§ TASK TO CARRY OUT
Exactly as written, return every line of the data below apart from the pictures.

*** DATASET EXTRACT

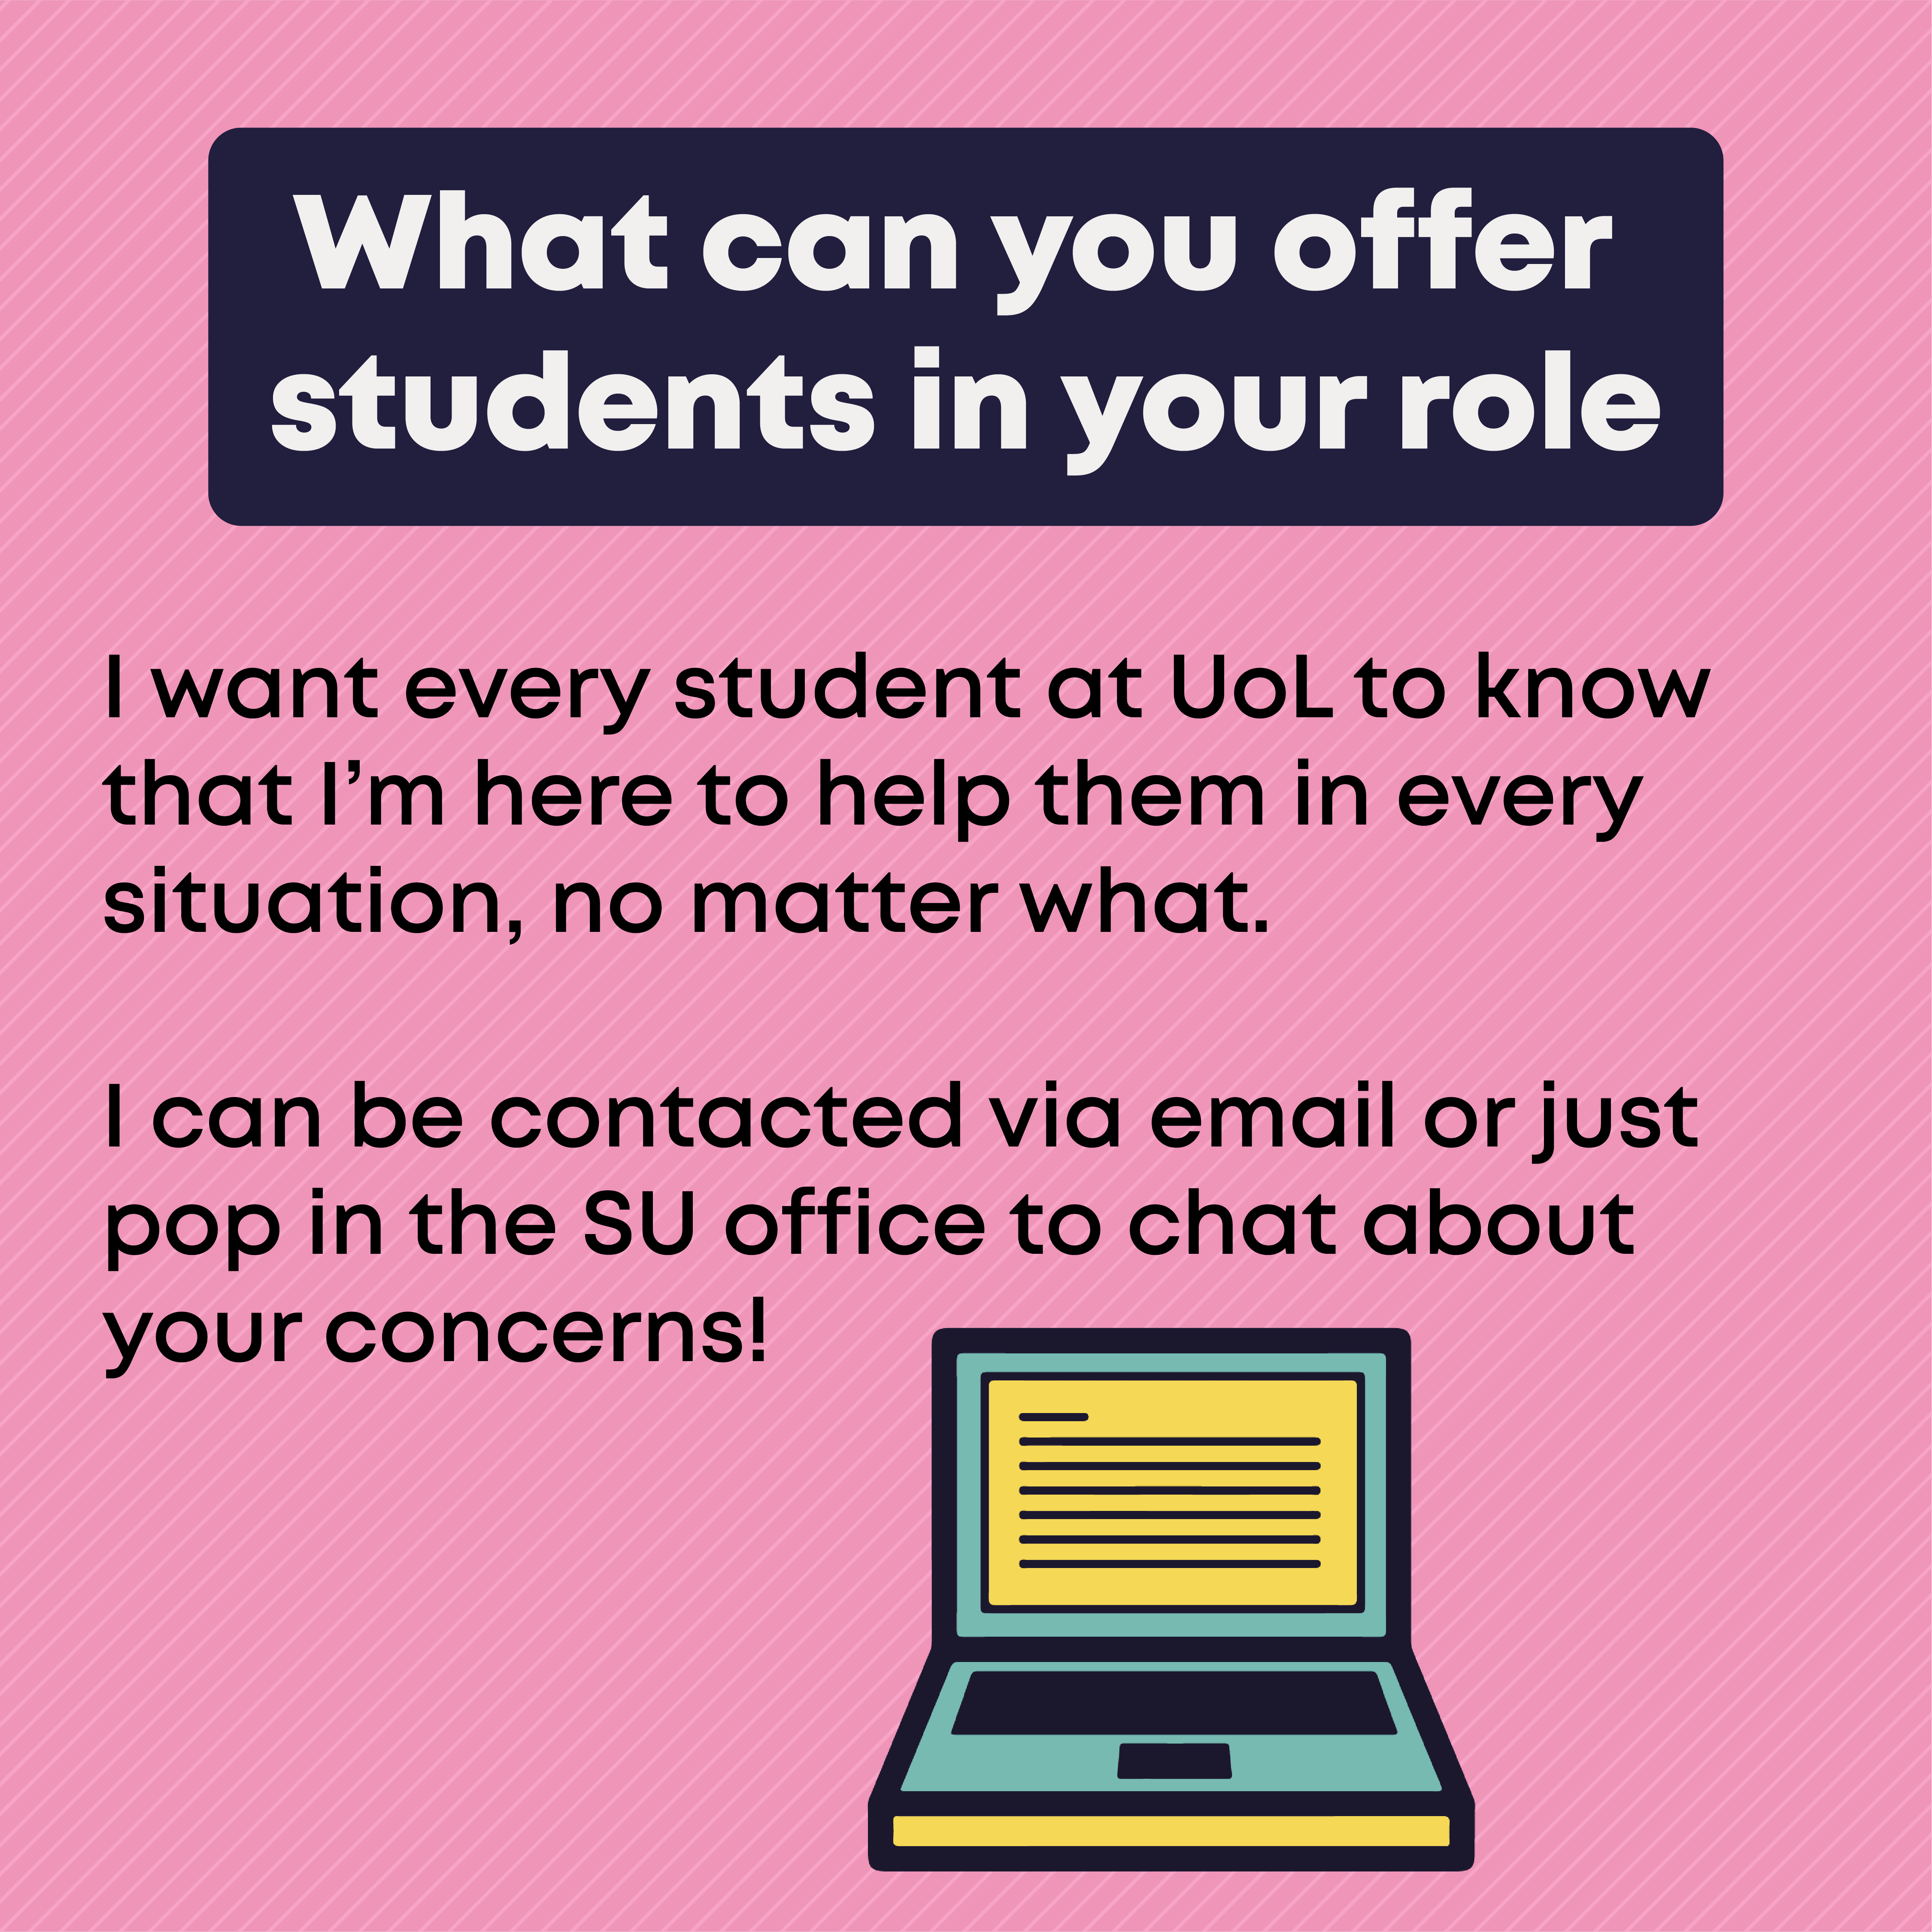 What can you offer students in your role?  I want every student at UoL to know that I’m here to help them in every situation, no matter what.   I can be contacted via email or just pop in the SU office to chat about your concerns! 
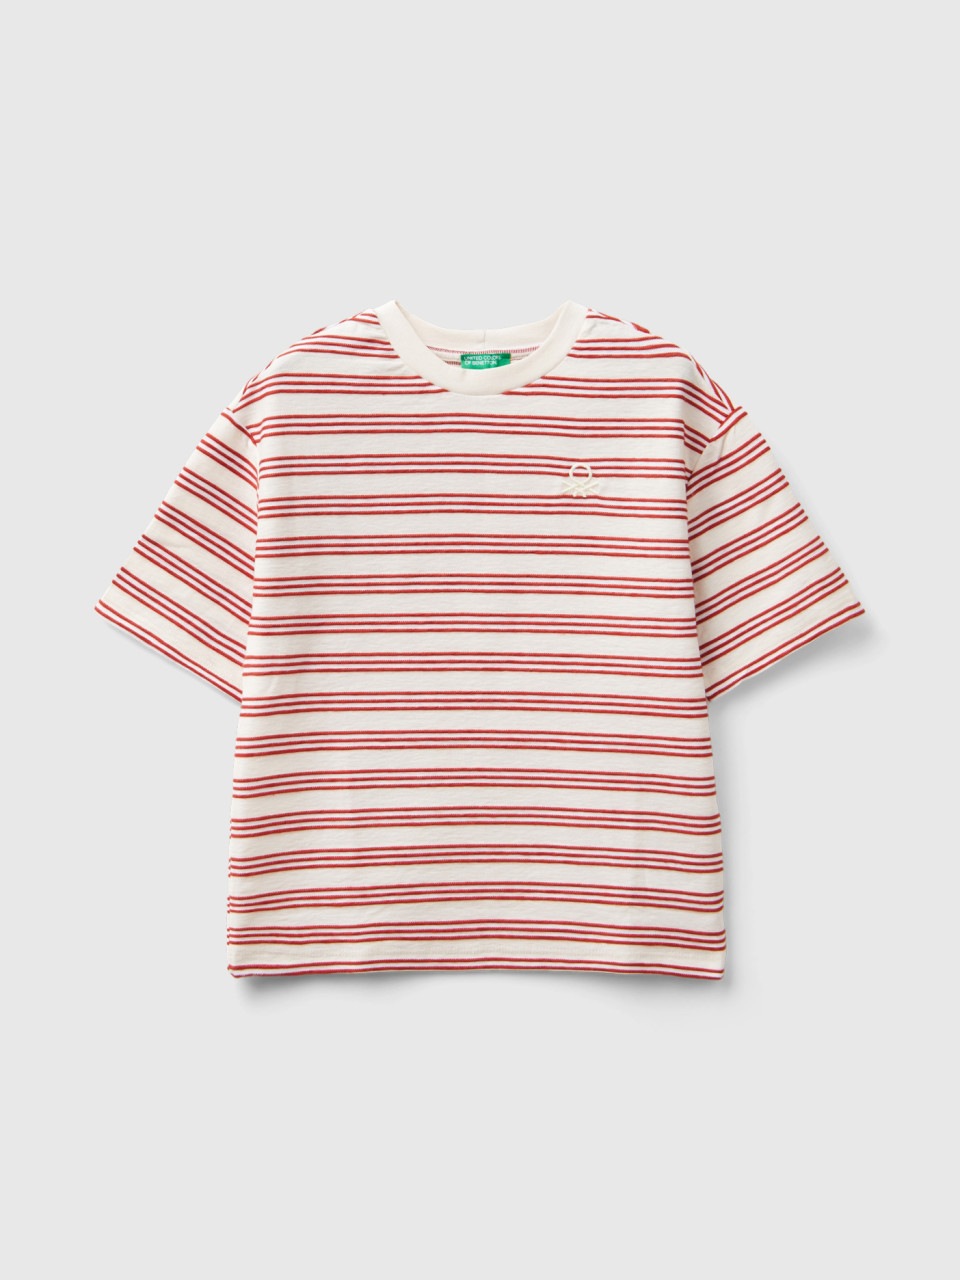 Benetton, T-shirt A Righe Over Fit, Bianco Panna, Bambini
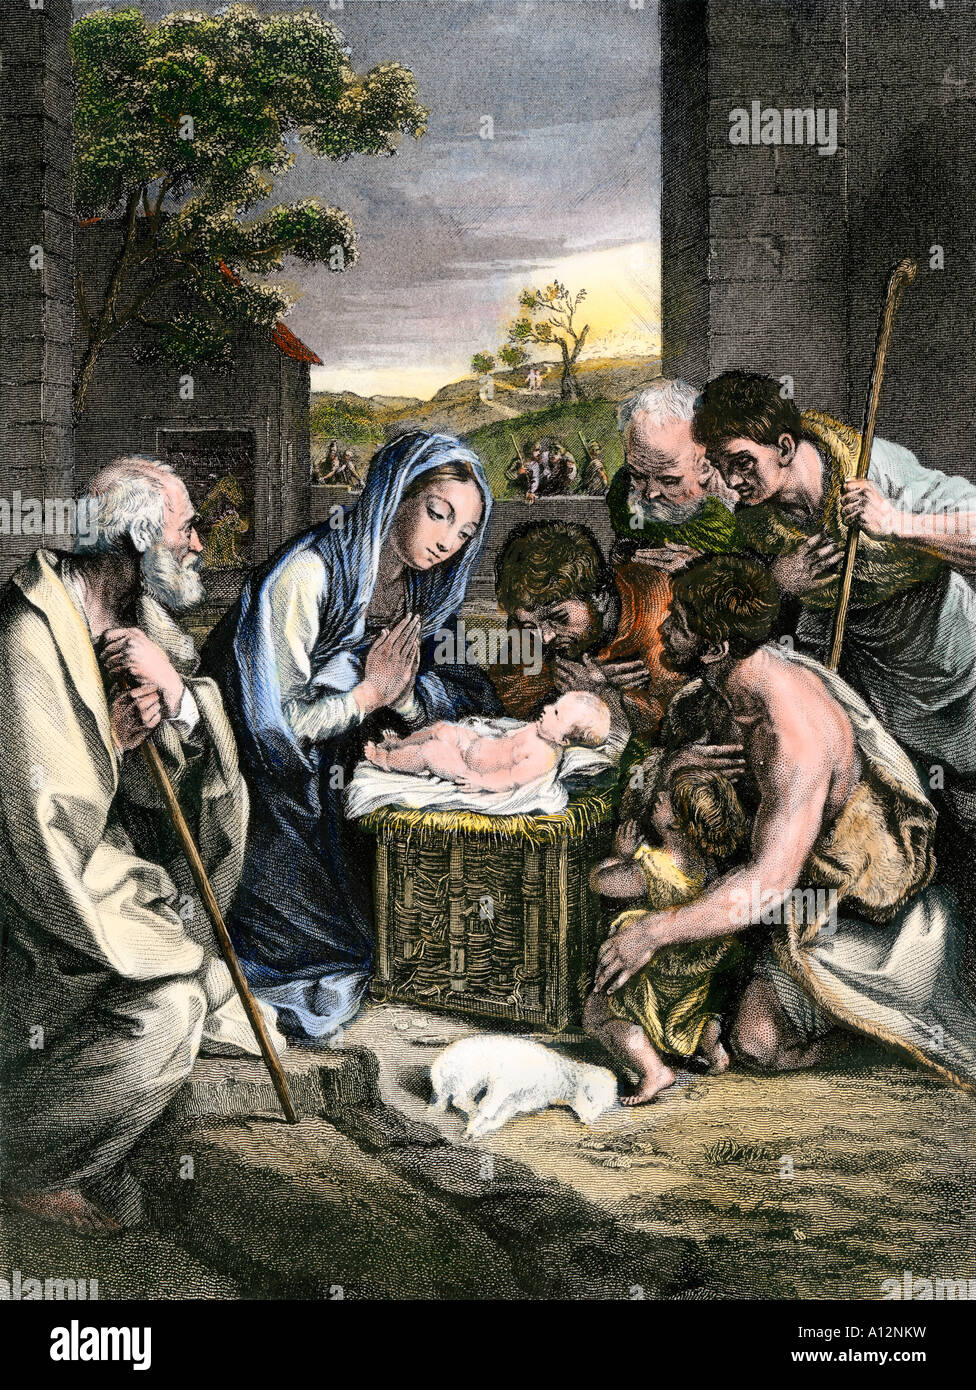 Shepherds worshipping baby Jesus lying in a manger in Bethlehem. Hand-colored halftone of an illustration Stock Photo
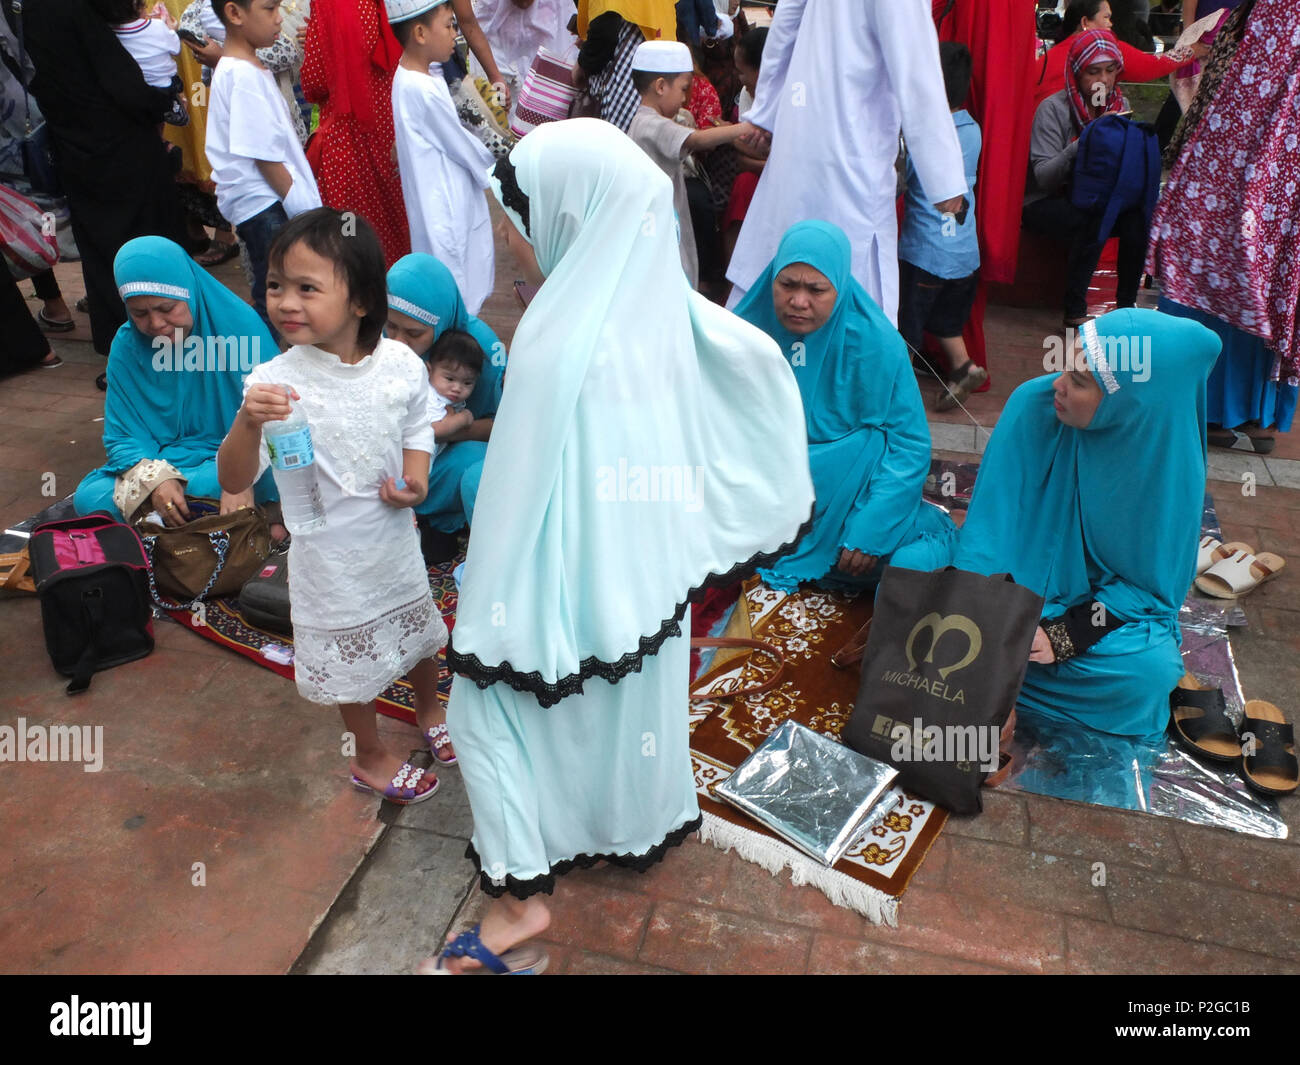 Muslim women with their daughters having a picnic after their morning prayers. Filipino and foreign Muslims gather at Quirino Grandstand in Manila to celebrate the end of Ramadan. They celebrate it with prayers, food and fun, especially for the family. Eid al-Fitr is an important religious holiday celebrated by Muslims worldwide that marks the end of Ramadan, the Islamic holy month of fasting. Stock Photo
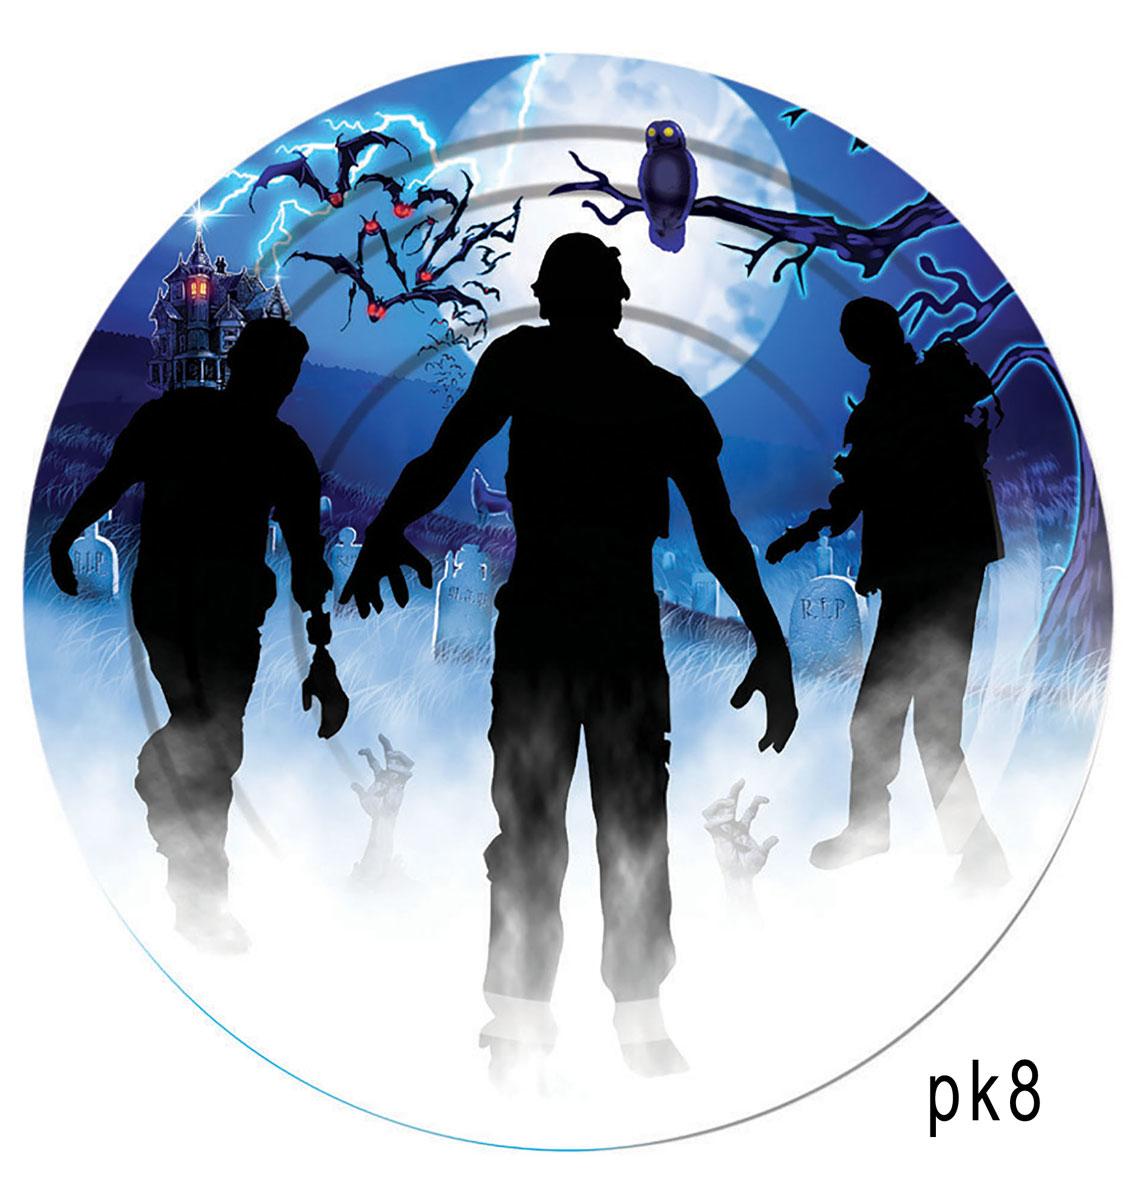 pack of 8 Zombie Rising 7" Dessert Paper Plates by Forum Novelties 79137 available here at Karnival Costumes online Halloween party shop

******

§ TASK RESPONSE
 What can you offer students in your role?  I want every student at UoL to know that I’m here to help them in every situation, no matter what.   I can be contacted via email or just pop in the SU office to chat about your concerns! 
 Benetton, T-shirt A Righe Over Fit, Bianco Panna, Bambini
 Shepherds worshipping baby Jesus lying in a manger in Bethlehem. Hand-colored halftone of an illustration Stock Photo
 Muslim women with their daughters having a picnic after their morning prayers. Filipino and foreign Muslims gather at Quirino Grandstand in Manila to celebrate the end of Ramadan. They celebrate it with prayers, food and fun, especially for the family. Eid al-Fitr is an important religious holiday celebrated by Muslims worldwide that marks the end of Ramadan, the Islamic holy month of fasting. Stock Photo
 pack of 8 Zombie Rising 7" Dessert Paper Plates by Forum Novelties 79137 available here at Karnival Costumes online Halloween party shop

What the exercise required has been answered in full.